Почувствовав холод, он шел все быстрее. У перекрестка перешагнул через невысокий холмик, сделал несколько шагов и вернулся… Не первый раз он видел покойников на улицах и в квартирах, и сейчас он привычно и без особого волнения смотрел на лежащую женщину, уже запорошенную снегом. На ней был короткий полушубок, ноги в ватных брюках и залатанных валенках были поджаты. Он понимал, что сейчас надо было бежать куда-то, звать: «Товарищи! На улице лежит мертвая женщина!..» Но никто этого не делал.

Дмитрий наклонился, отвел с лица мертвой длинные волосы и потрогал лоб — это был промерзший, покрытый инеем камень. Взяв женщину под руки, он перетащил ее в туннель ворот — за ночь ее могло совсем засыпать снегом, а тут утром ее подберут бойцы санитарно-бытовой команды. Какое-то непонятное чувство заставило его прислонить ее спиной к стене, не хотелось оставлять ее лежащей. Он близко увидел ее лицо — казалось, женщина устало улыбалась, но непонятно было, старая она или молодая. Платок свалился, и длинные волосы рассыпались по плечам…

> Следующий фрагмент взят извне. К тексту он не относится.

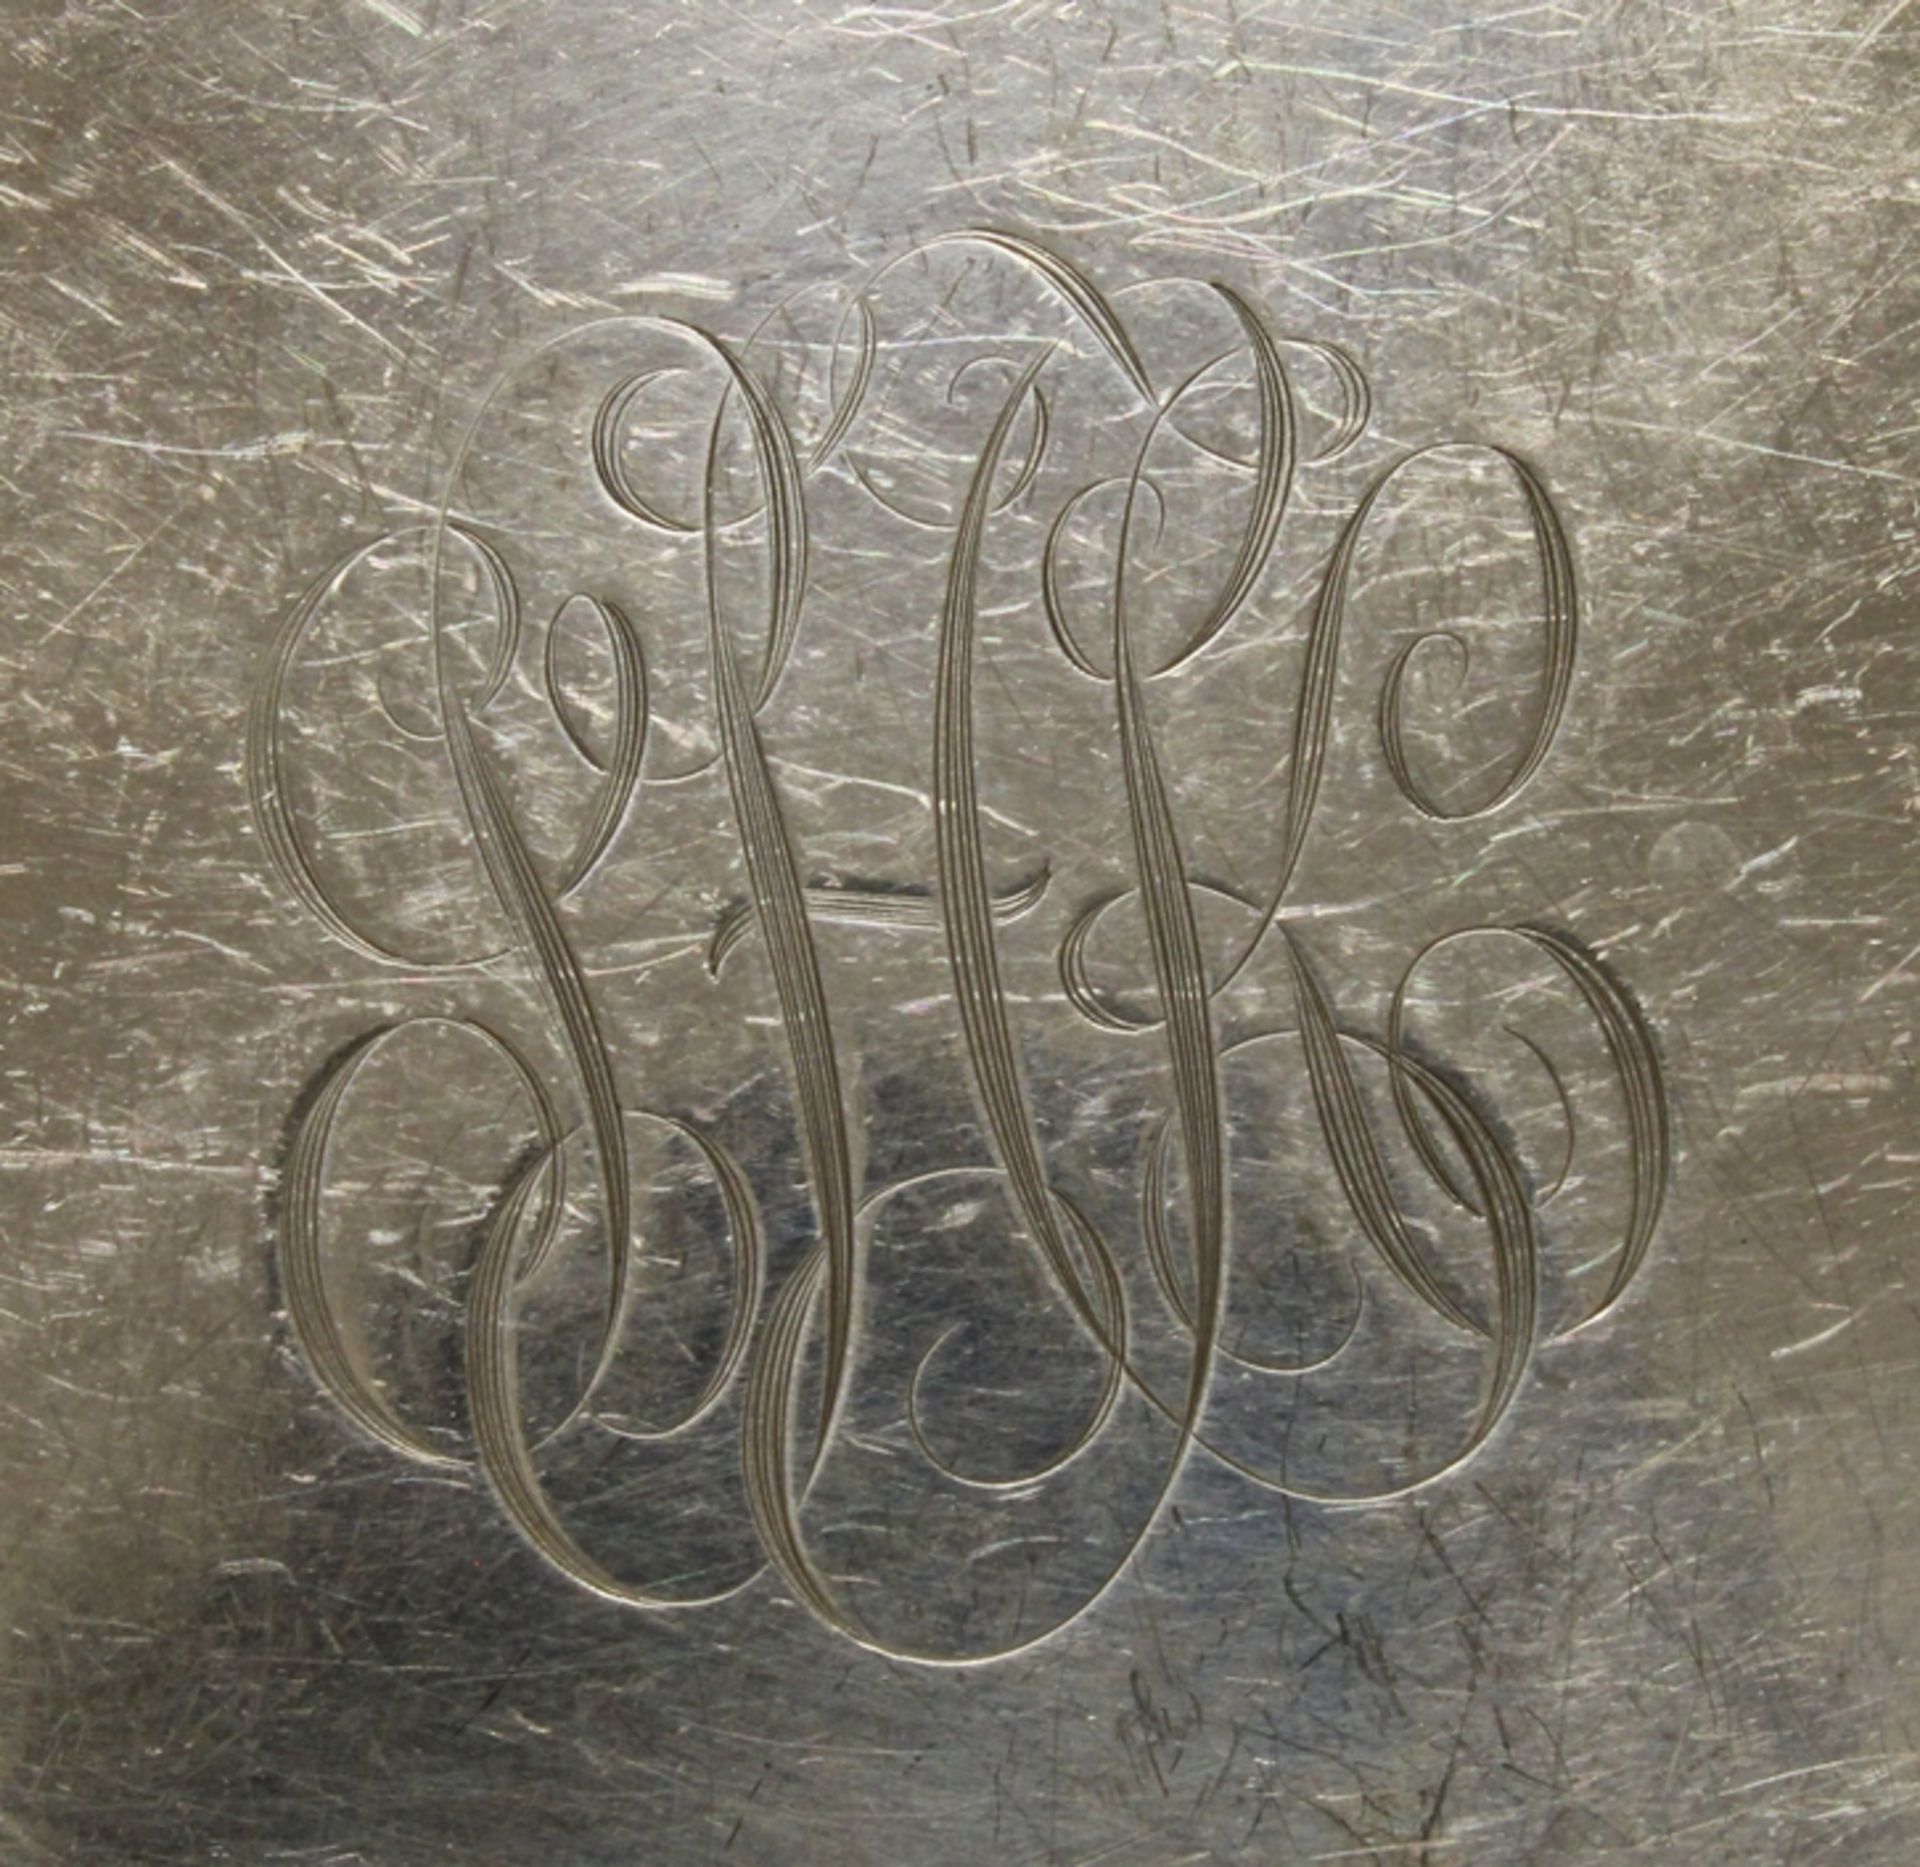 12 Teller, Silber 925, Gorham, Perlrand, Spiegel je graviert mit ligiertem Monogramm, ø 15.2 cm, zu - Bild 2 aus 3

Мать открыла дверь и, подняв коптилку, смотрела на сына.

— Ты же весь белый, — тихо сказала она, снимая с него шапку и стряхивая иней. — На работе тебе ничего теплее дать не могут?

— Нельзя, надо, чтобы мы быстрее ходили… — Дима хотел улыбнуться, но щеки одеревенели, были как чужие, слезились, оттаивая, глаза. — Сейчас, мам… — Он стащил с себя тесное, надетое поверх ватника пальто.

— Ватник оставь, печка что-то не разгорается.

— Ну, здравствуй, мамуль. С днем рождения тебя… — Дима неловко ткнулся лицом в плечо матери, она прижала к себе его голову, погладила его лицо:

— Худющий…

— Давно не мылся.

— Ну и дурак. Поесть можешь забыть, а мыться никак! Утром не умылся, значит, уже не человек. Товарищей не уважаешь, на службу плюешь.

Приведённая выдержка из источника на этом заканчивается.